Deep Learning이라 불리는 것과 HTM은 전혀 다른걸 얘기하고 있다.

Looking at this, you’d swear these people were talking about entirely different things. They’ve just been using the same names for them. And, it’s just dawned on me, therein lies both the problem and its solution. The answer’s been there all the time: Each and every neuron in HTM is actually a Deep Network. In a HTM neuron, there are two types of dendrite. One is the proximal dendrite, which contains synapses receiving inputs from the feedforward (mainly sensory) pathway. The other is a set of coincidence-detecting, largely independent, distal dendrite segments, which receive lateral and top-down predictive inputs from the same layer or higher layers and regions in neocortex

Proximal dendrite: feedforward 센서 입력을 받아드리는 부분

Distal dendrite segments: lateral (같은 layer) + top-down (상위 layer) predictive input을 받아드리는 입력 


My thesis here is that a single neuron can be seen as composed of many elements which have direct analogues in various types of Deep Learning networks, and that there are enough of these, with a sufficient structural complexity, that it’s best to view the neuron as a network of simple, Deep Learning-sized nodes, connected in a particular way. I’ll describe this network in some detail now, and hopefully it’ll become clear how this approach removes much of the dichotomy between the models. 

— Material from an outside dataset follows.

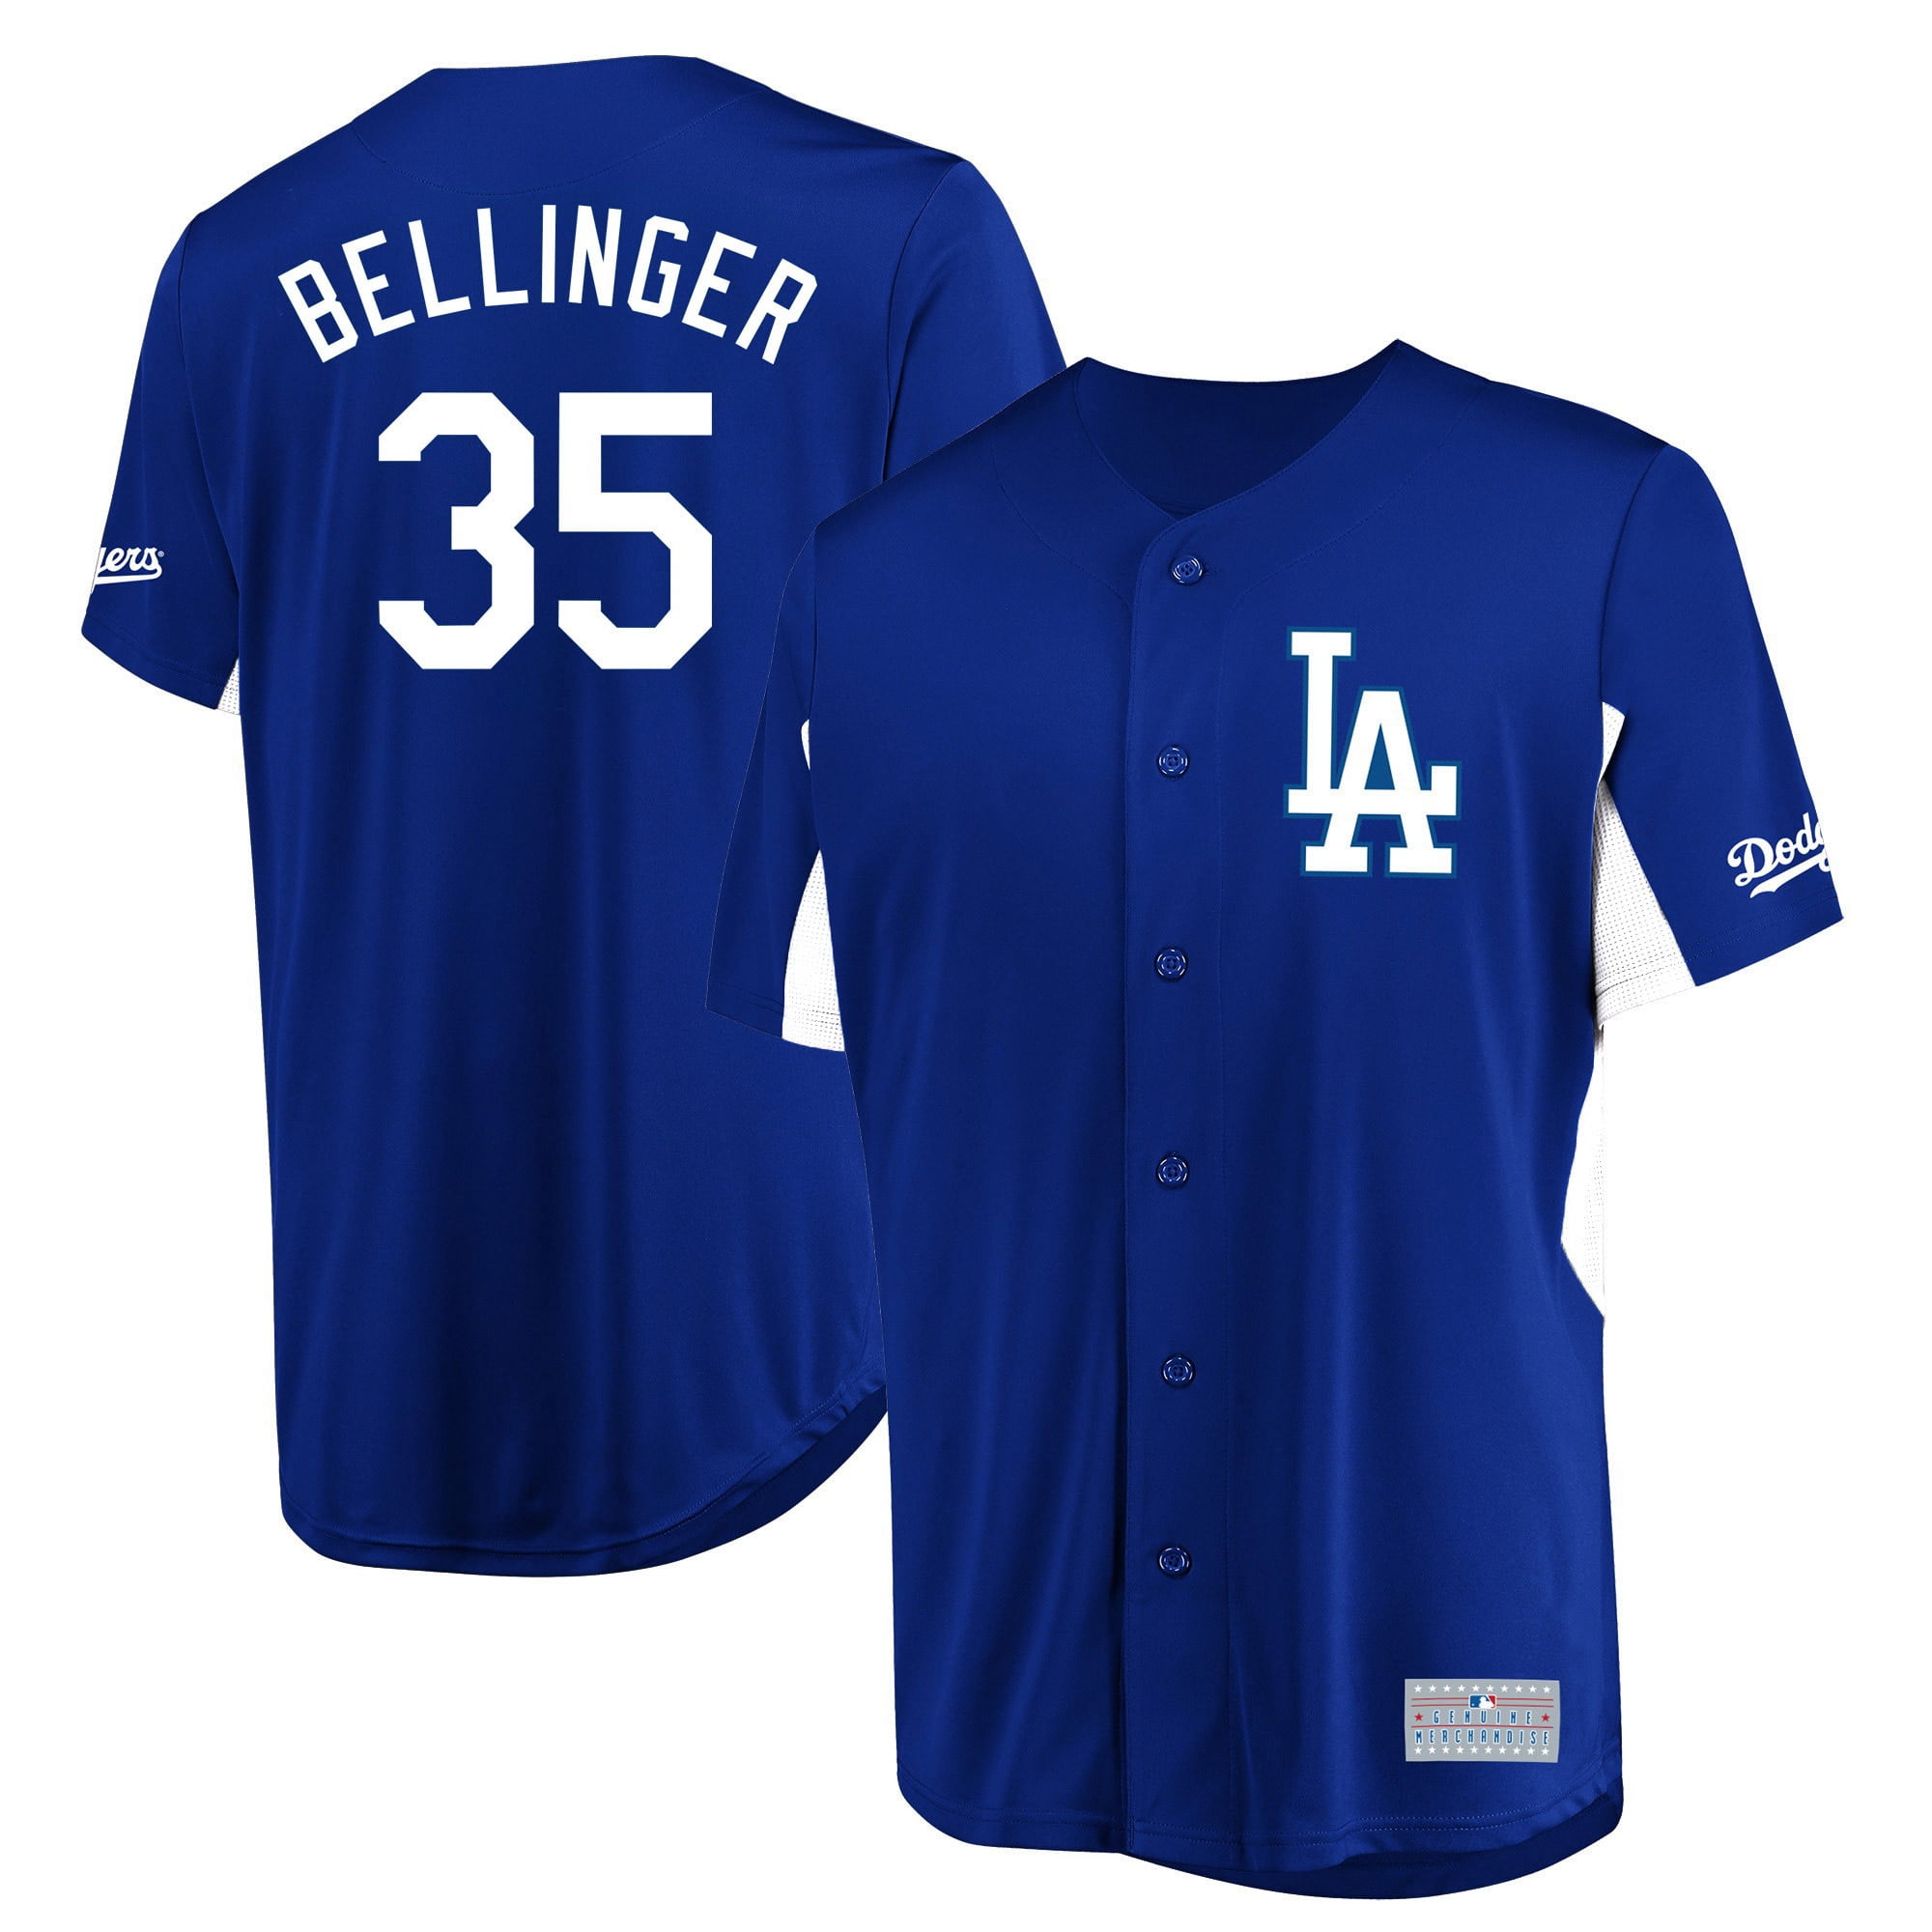 Cody Bellinger Los Angeles Dodgers Majestic MLB Jersey - Royal - Walmart.com - Walmart.com

Firstly, a synapse in HTM is very much like a single-input NN node, where HTM’s permanence value is akin to the bias in a NN node, and the weight on the input connection is fixed at 1.0. If the input is active, and the permanence exceeds the threshold, the synapse produces a 1. In HTM we call such a synapse connected, in that the gate is open and the signal is passed through. The dendrite or dendrite segment is like the next layer of nodes in NN, in that it combines its inputs and passes the result up. The proximal dendrite effectively acts as a semi-rectifier, summing inputs and generating a scalar depolarisation value to the cell body. The distal segments, on the other hand, act like thresholded coincidence detectors and produce a depolarising spike only if the sum of the inputs exceeds a threshold. These depolarising inputs (feedforward and recurrent) are combined in the cell body to produce an activation potential. This only potentially generates the output of the entire neuron, because a higher-level inhibition system is used to identify those neurons with highest potential, allow those to fire (producing a binary 1), and suppress the others to zero (a winner-takes-all step with multiple local winners in the layer). 


So, a HTM layer is a network of networks, a hierarchy in which neuron-networks communicate with connections between their sub-parts. At the HTM layer level, each neuron has two types of input and one output, and we wire them together at such, but each neuron is really hiding an internal, network-like structure of its own.